08話 エントリー
「――ペア参加?」
ノーラさんの協力によって、問題が解決できたと思ったのだが、、、
またしても落とし穴があった。
――てか、なんで気づかなかったんだ、俺。
闘技大会の参加概要の欄に2人組での参加と書いてあったのを見落としていたらしく、受付でそのことを指摘され、初めて気づいた。
1人では参加できないという。
ノーラさん1人では参加できたとしても優勝は難しいと思うが。
「――ただ、お一人でもCランクを超えているのでしたらランク制限はクリアになりますので、お客さまの場合でしたら、もうお一方はお好きな方でも大丈夫ですが、どうなされますか?」
「えーと、、、 ちょっと待ってください」
エントリーの受付を待ってもらい、俺は他のみんなの意見を行くことにした。
「――で、誰が戦うのがいいかな?」
「すみません。わたし以外の『風来の乙女たち』のメンバーは、皆用事がありまして、その、参加することは難しいです」
「いやいや、ノーラさんが謝ることではないです。もともと俺の問題ですから、ノーラさんが参加してくれるだけでも助かります」
このタイミングでノーラさんが来てくれなければ、そもそも参加することも出来なかったのだから。
「私たちが戦ってもいいですが、やはりご主人様が参加した方が優勝を狙えると思います」
「そうなの。ご主人様なら【アイテムボックス】で、魔剣も自由に使えるの」
「確かに、それならばノーラさんの補助をできますわね」
――最初は、俺が参加するつもりだったしな。
ここは、俺が参加するべきだろう。
目当ての『神鋼』も俺が欲しいのだから
「よし! 俺が参加しよう」
◇◆◇
「――それじゃ、お礼も兼ねてノーラさんが好きな魔剣を作ろうか」
闘技大会に参加してくれるお礼として、ノーラさんに魔剣を作ろうと思い、話を切り出したのだが。

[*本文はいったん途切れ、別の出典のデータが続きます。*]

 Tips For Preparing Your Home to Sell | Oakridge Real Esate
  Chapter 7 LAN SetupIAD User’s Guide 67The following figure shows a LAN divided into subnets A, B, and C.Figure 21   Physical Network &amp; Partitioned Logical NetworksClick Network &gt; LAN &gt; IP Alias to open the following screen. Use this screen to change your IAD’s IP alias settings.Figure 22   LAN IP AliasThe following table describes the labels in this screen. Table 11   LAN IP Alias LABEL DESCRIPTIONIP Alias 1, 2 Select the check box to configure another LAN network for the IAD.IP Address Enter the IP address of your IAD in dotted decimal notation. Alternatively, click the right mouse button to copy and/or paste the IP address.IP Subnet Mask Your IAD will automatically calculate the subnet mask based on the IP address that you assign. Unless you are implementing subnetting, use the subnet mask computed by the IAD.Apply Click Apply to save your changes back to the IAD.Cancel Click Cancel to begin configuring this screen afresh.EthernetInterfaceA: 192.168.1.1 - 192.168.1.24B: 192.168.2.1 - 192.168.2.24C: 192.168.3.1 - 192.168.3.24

「いえ、そんな、、、 それに魔剣でしたら『カメリアの魔剣』をルトリアで買ったので持っています」
「そういえば、『カメリアの魔剣』を最初に買ったのはノーラさんだったんだよな」
「そうですよっ! 新しく設立された商会が魔剣を売るという噂を聞きつけて、真っ先に買いに行ったんです。あ、それと私のことはノーラとお呼びください」
「いや、別に今のままでも、、、」
「シロウさんは私の命の恩人ですから、さん付けで呼ばれたら、私が困ってしまうんです」
こうなった女の人が俺の意見を聞いてくれないのは、もはや自然の摂理だろう。
「わかった。それじゃ、ノーラと呼ばせてもらうね。それで魔剣の話に戻るけど、恩恵は2つの武器まで反映されるから、もう1振り魔剣があってもいいと思うんだけど」
「もちろん恩恵のことは知っています。ですが、私には『これ』がありますので」
そう言って、ノーラが持っていた刀を鞘から少しだけ刀身をのぞかせた。
――これは『白銀刀・初名』か。
そういえば、ココルテの町で唯一売った俺の刀を買ったのもノーラだったんだよな。
何かと縁があるのかもしれない。
「確かに、魔剣はすごいんですが、私はこちらの方が綺麗で好きなんです」
「綺麗か、、、 そうかもしれない。魔剣は【武具創生】のスキルで作ったのだけど、『白銀刀・初名』は俺がしっかり打ったものだからな」
魔剣は量産品で、白銀刀・初名は手作り品みたいな差だろう。
それでも、この世界からしたら魔剣の方がレアリティは高いのだが、、、
「手作りの魔剣も作れなくはないけど、大会までじゃ時間が足りないからなあ、、、」
「――手作りの魔剣ですかっ!?」
「うん。量産には【武具創生】で作る方が向いているから普段はしないけど、ノーラのためなら作ってもいいんだけど、、、」
「なら、優勝した暁にはシロウさんの手作りの魔剣を下さいっ!」
「別に構わないけど、本当にそれでいいの?」
「もちろんです、シロウ様の手作りの魔剣をいただけるなんて、その言葉だけで優勝なんて軽い物ですっ!」
――うん。すごい自信だ。
まあ、確かにノーラはAランク冒険者だし、俺が魔剣をいくつも持ってサポートできるのだし、たぶん大丈夫だろう。
「う、うん、、、 それじゃ、お願いするよ」
「任されましたっ!」
ノーラとは闘技大会の日の朝に落ち合うことにして、一旦別れることになった。
なんでも、闘技大会に出る予定は無かったので、パーティのメンバーに説明をしてこないといけないらしい。
急なお願いだったし、しょうがない。
――ともかく、俺も大会に備えて魔剣を量産しよう。